Monday, September 23, 2013

the least of these


 “The King will reply, ‘Truly I tell you, whatever you did for one of the least of these brothers and sisters of mine, you did for me.’ Matthew 25:40

I know the day is coming when my seven year old will be faced with the sad reality of bullying, cliques and the "popular" kids in school. For now he's in the blissful world of second grade where the seed of social tension has not yet blossomed. Part of me wishes I could shelter him from this but I know that's not practical or healthy. It's so hard for me to look at his precious face and know the days of his innocence are numbered.
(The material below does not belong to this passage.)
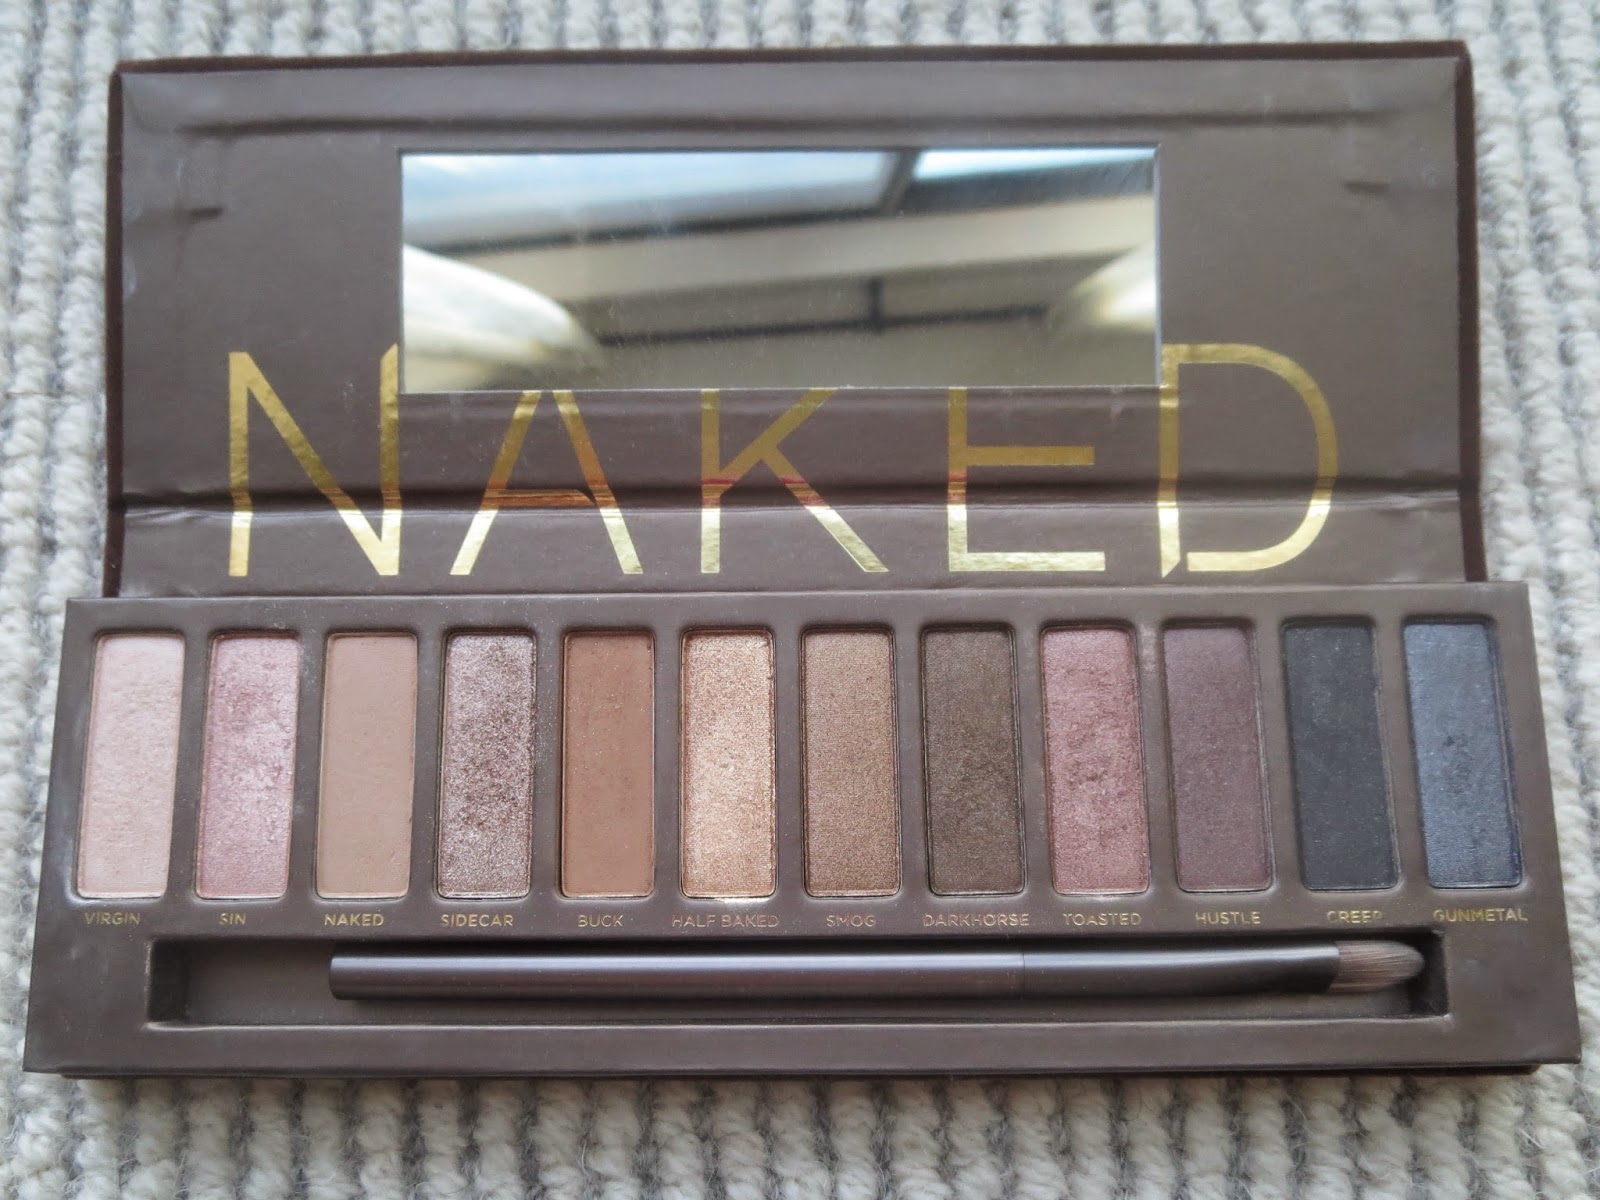 a picture of Urban Decay's Naked Palette
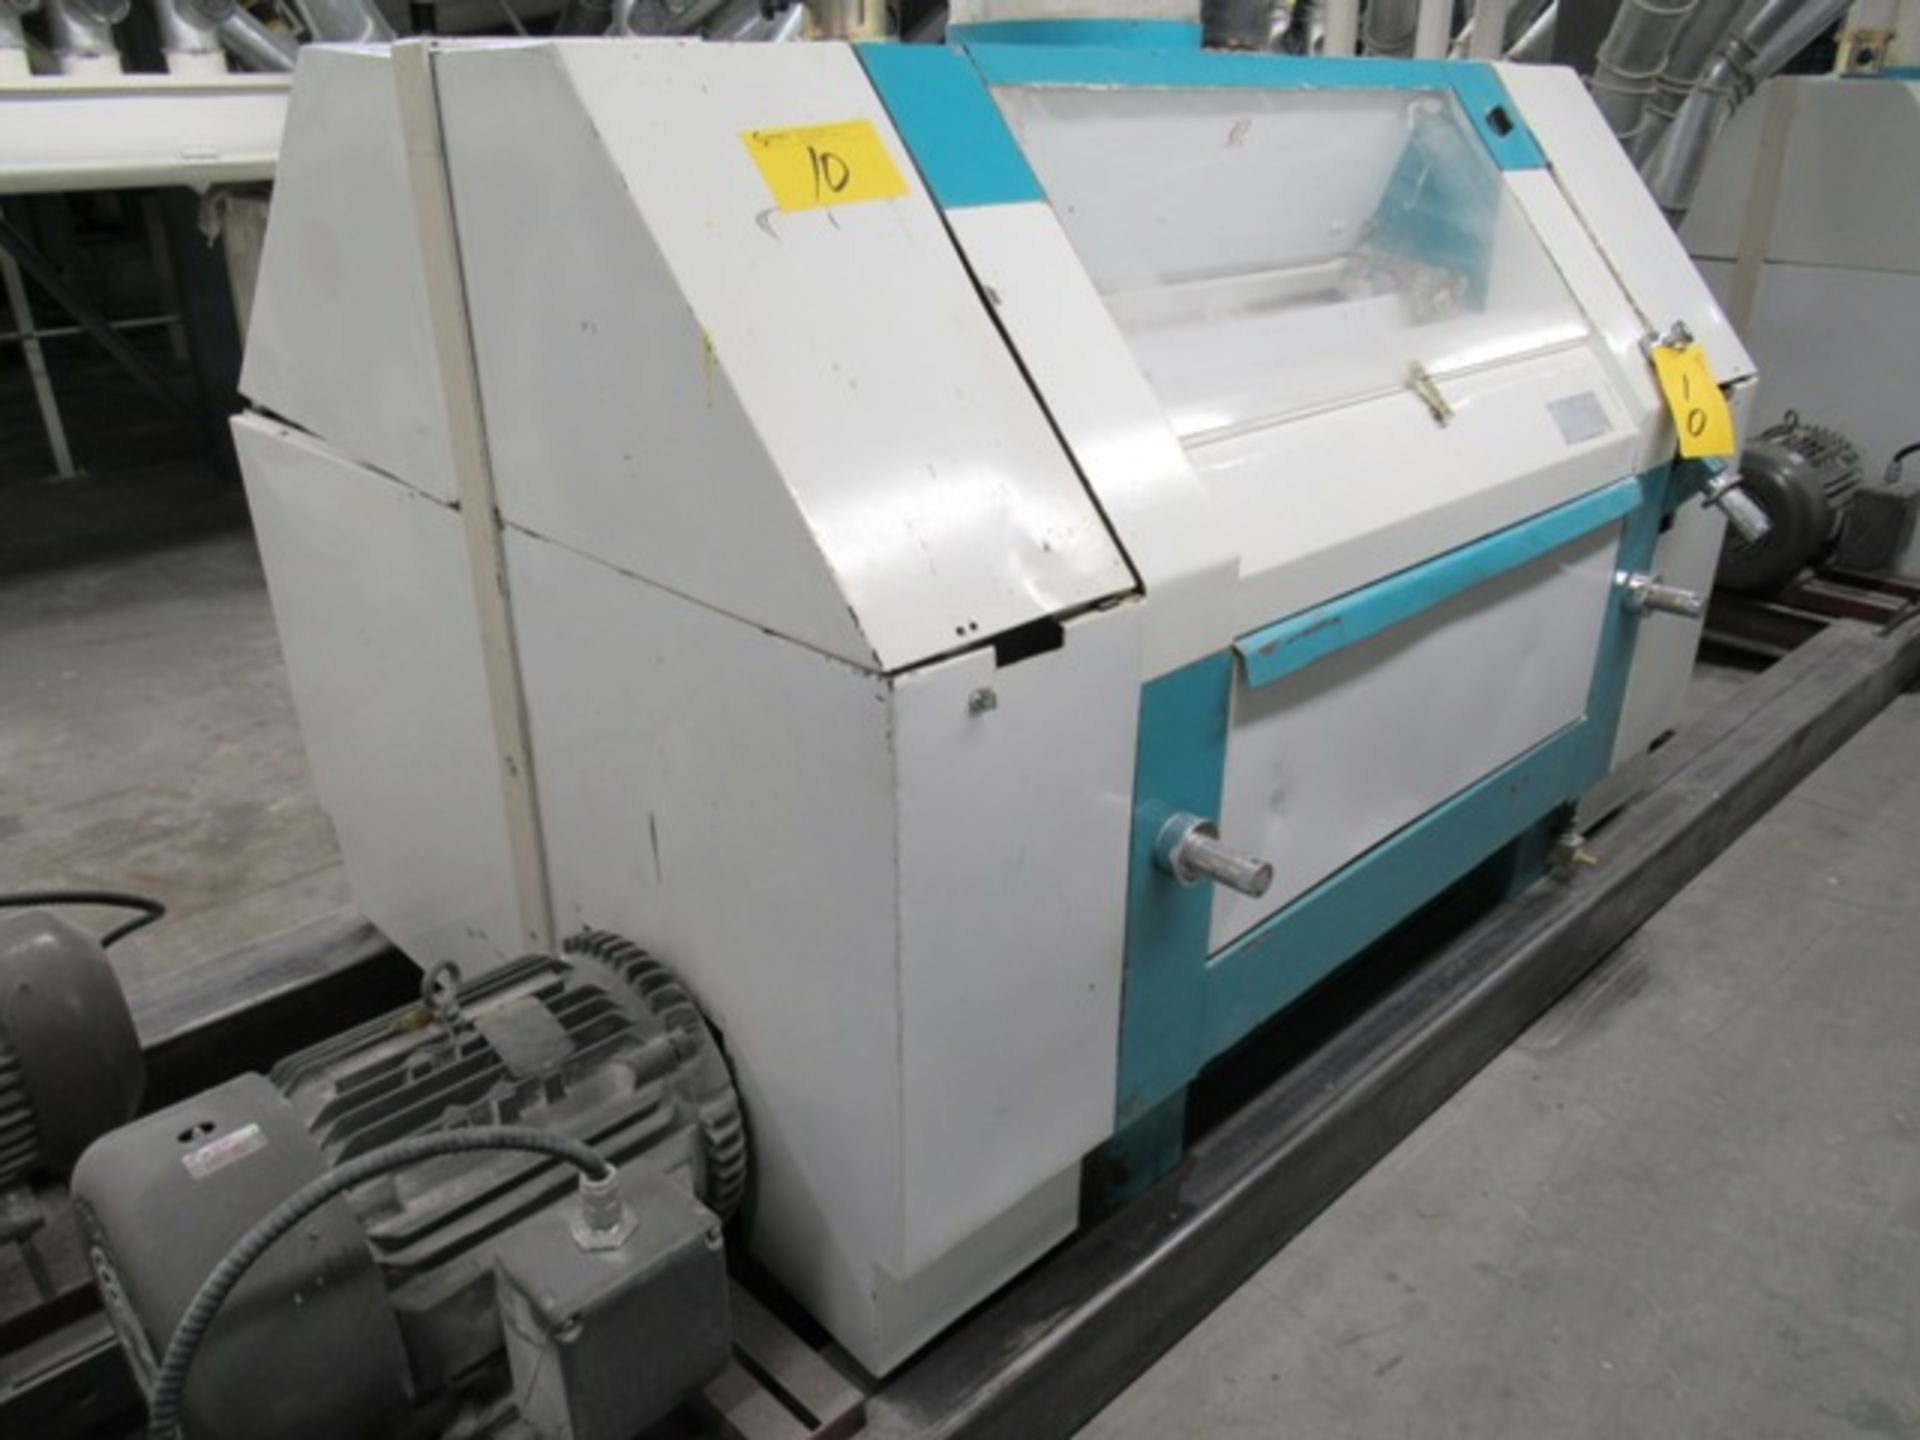 2001 INDOPOL MM-1PRM04, 40"X10" APPROX. DOUBLE ROLLER GRINDING MILL, 1 - 20 HP, 1 - 15 HPMOTORS S/N:

I still remember what it felt like for me as a young girl when I first experienced the cruelty of my classmates. It broke my heart as I listened to the popular girls call me ugly. They thought it was funny to leave me a hateful note in my Valentine's box or to make fun of my hair and clothes in front of other students.


Although I've forgiven these girls, some of the memories still make my 32 year old heart heavy, proof that words are indeed powerful. Those girls had no idea what was going on in my home; no idea what I was facing in my personal life. They were completely unaware that they were adding new wounds on top of existing wounds as they tore me down to lift themselves up. I often tell my boys "You never know what's going on in someone's life". It's true.


     

     If someone is socially "different", then there's usually a good reason. And if the only reason they are "different" is because God made them that way, then that's all the more reason to love them, even if it's hard or out of our comfort zone. 
 

Last year, Isaac told me about a boy in his class who gets in trouble a lot. He told me that the boy had behaved so badly they had to call his dad. I could tell by his tone of voice that he was confused about this boy's behavior. He just didn't understand why a child would act in such a way. I then told him that not every child comes from a loving home and that some children are going through a lot in their lives that others can't see. I explained that these personal struggles can cause them to misbehave or act strange. I asked Isaac to imagine how hard that would be for a young boy. Isaac's face looked sad and compassionate. I then told him that he should find ways to love this "misbehaving" classmate of his.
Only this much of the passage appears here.